Thread Sanitizer (TSan)
For Rust, I enabled TSan on nightly:
RUSTFLAGS="-Z sanitizer=thread" cargo test -Z build-std --target x86_64-unknown-linux-gnu
# TSan reports: "ThreadSanitizer: data race on write at 0x..."TSan caught a data race on a shared `AtomicBool` that was being set in one thread and read in another without proper ordering. After adding `Ordering::SeqCst`, the race disappeared.
Reproducing Timeout Flakes: Deterministic Delays
Timeouts are easier: they happen when an operation takes longer than the test expects. To reproduce, I simulate the slow environment.

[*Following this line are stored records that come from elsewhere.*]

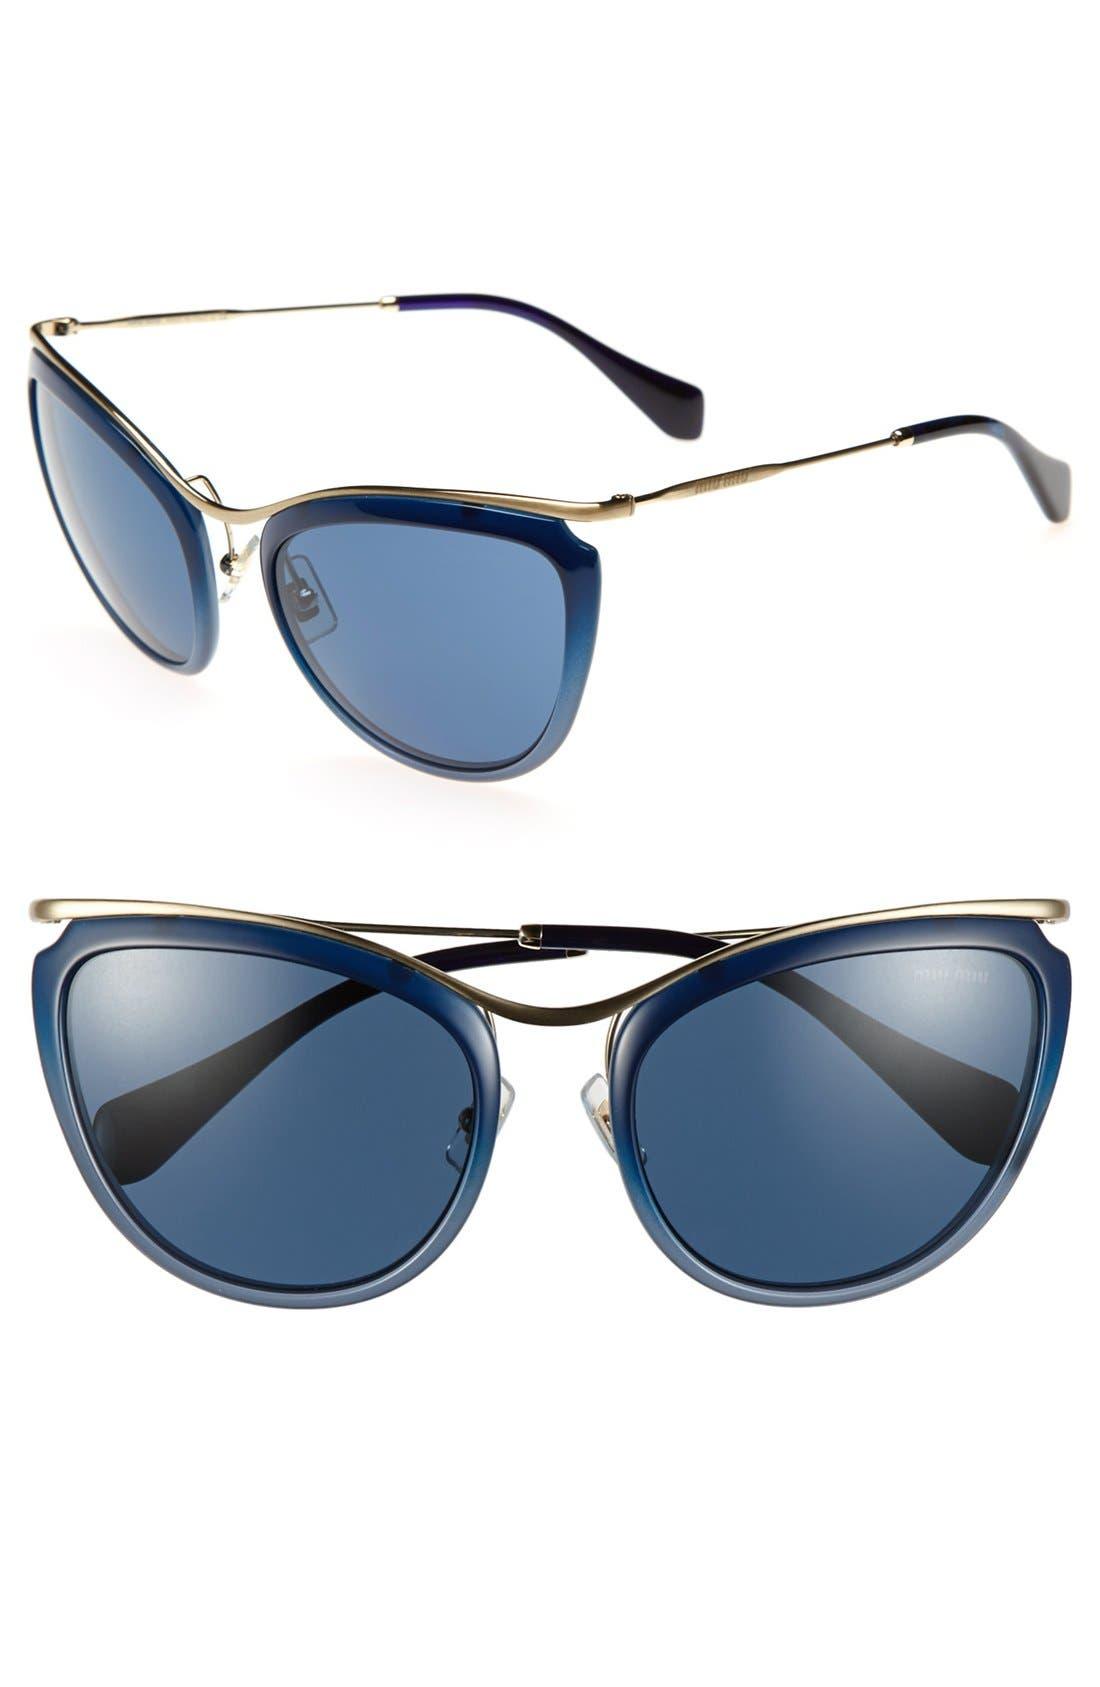 Main Image - Miu Miu 57mm Cat Eye Sunglasses
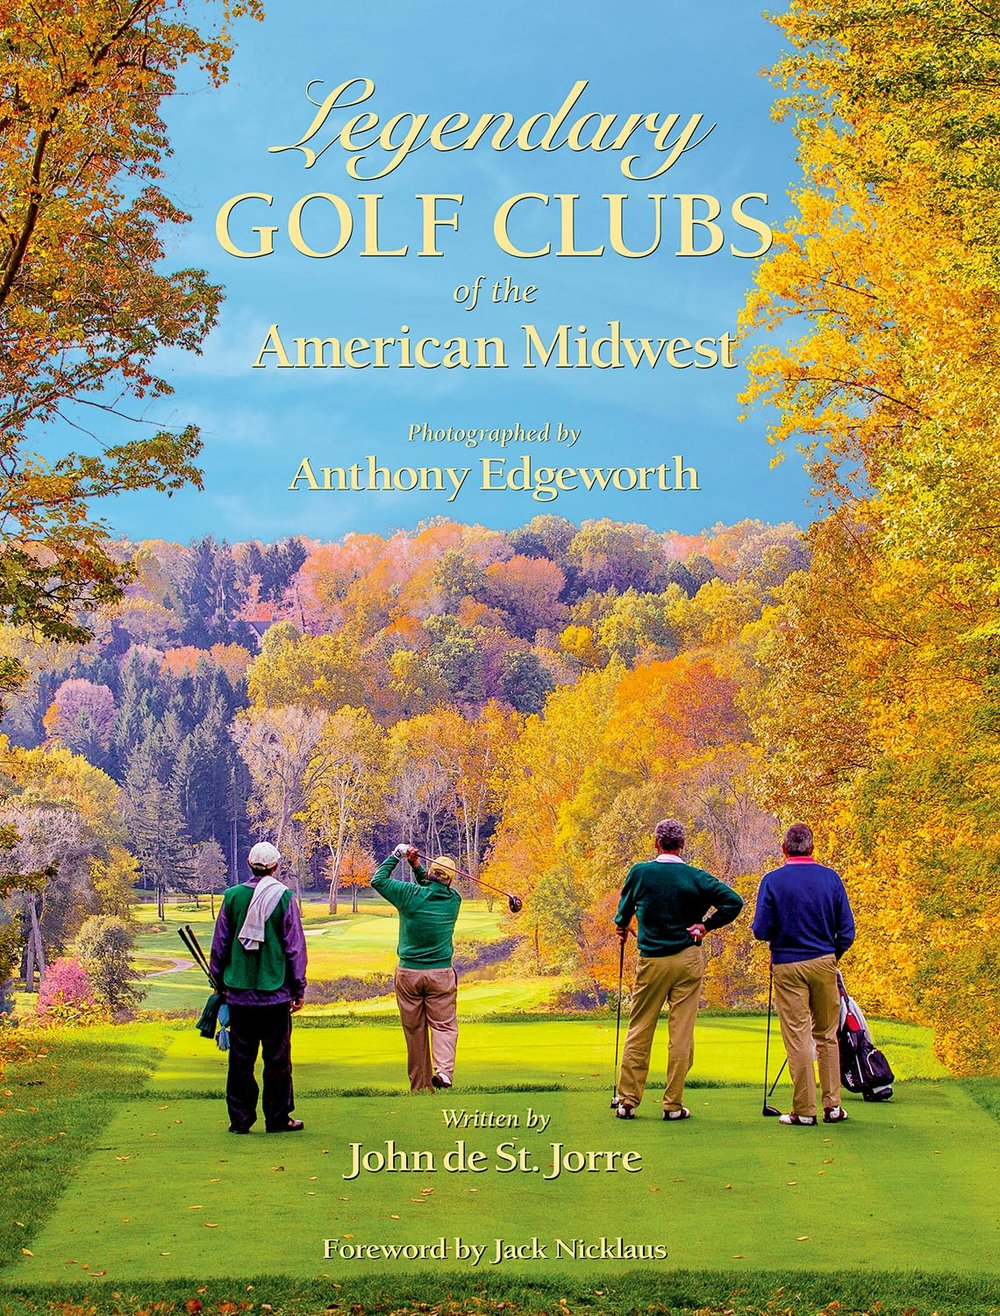 ee-book-covers-american-midwest.jpg
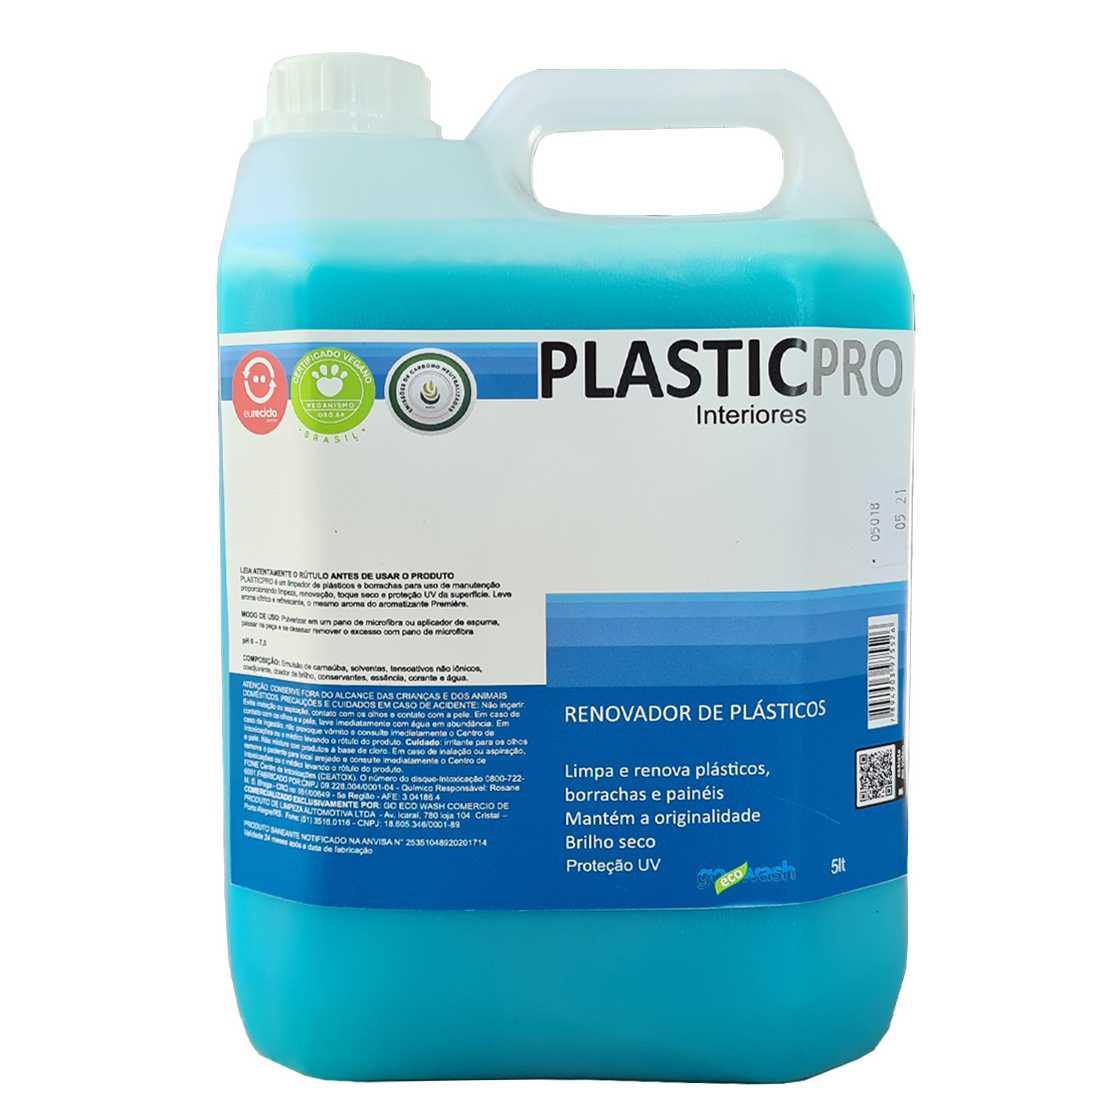 PlasticPro - Renovador de Plásticos e Borrachas 5lt (Go Eco Wash)  - Loja Go Eco Wash

# Slow down disk I/O with fault injection
sudo apt install -y linux-tools-common
echo '0 100% write' | sudo tee /sys/kernel/debug/fail_make_request/probability
# Or use `tc` to add network latency
sudo tc qdisc add dev lo root netem delay 200ms
# Run the test
pytest tests/test_timeout_flaky.py
# Clean up
sudo tc qdisc del dev lo rootAnother trick: wrap the operation in a timeout that logs the exact duration. This tells you how long it actually takes under CI conditions.
import time
import pytest
@pytest.mark.timeout(10)
def test_slow_operation():
start = time.monotonic()
result = do_something()
elapsed = time.monotonic() - start
print(f"do_something took {elapsed:.2f}s") # Capture this in CI logs
assert result is not NoneFrequently asked questions
Why can't I reproduce a flaky test by running it once on my machine?
Flaky tests depend on timing, load, or random seeds that differ between CI and local runs. CI may have slower I/O, different CPU counts, or environment variables that affect behavior. Reproducing requires replicating those conditions exactly.
What is the fastest way to reproduce a flaky test?
Wrap the test in a loop that runs it hundreds of times. For pytest, use `pytest --count=1000`. For Jest, use `jest --repeatEach=1000`. If the failure is timing-related, run the loop under `stress --cpu 8` to increase contention.
How do I use thread sanitizer to find flaky tests?
Compile your code with `-fsanitize=thread` (Clang/GCC) and run the test suite. TSan will report data races even if they don't cause visible failures. This is effective for flaky tests caused by unsynchronized shared state.
What if the flaky test only fails in CI but never locally?
Capture all CI environment variables and replicate them locally. Use the same OS, CPU count, and memory limits. Tools like `act` can run GitHub Actions workflows locally. Also check for differences in file system timing or network dependencies.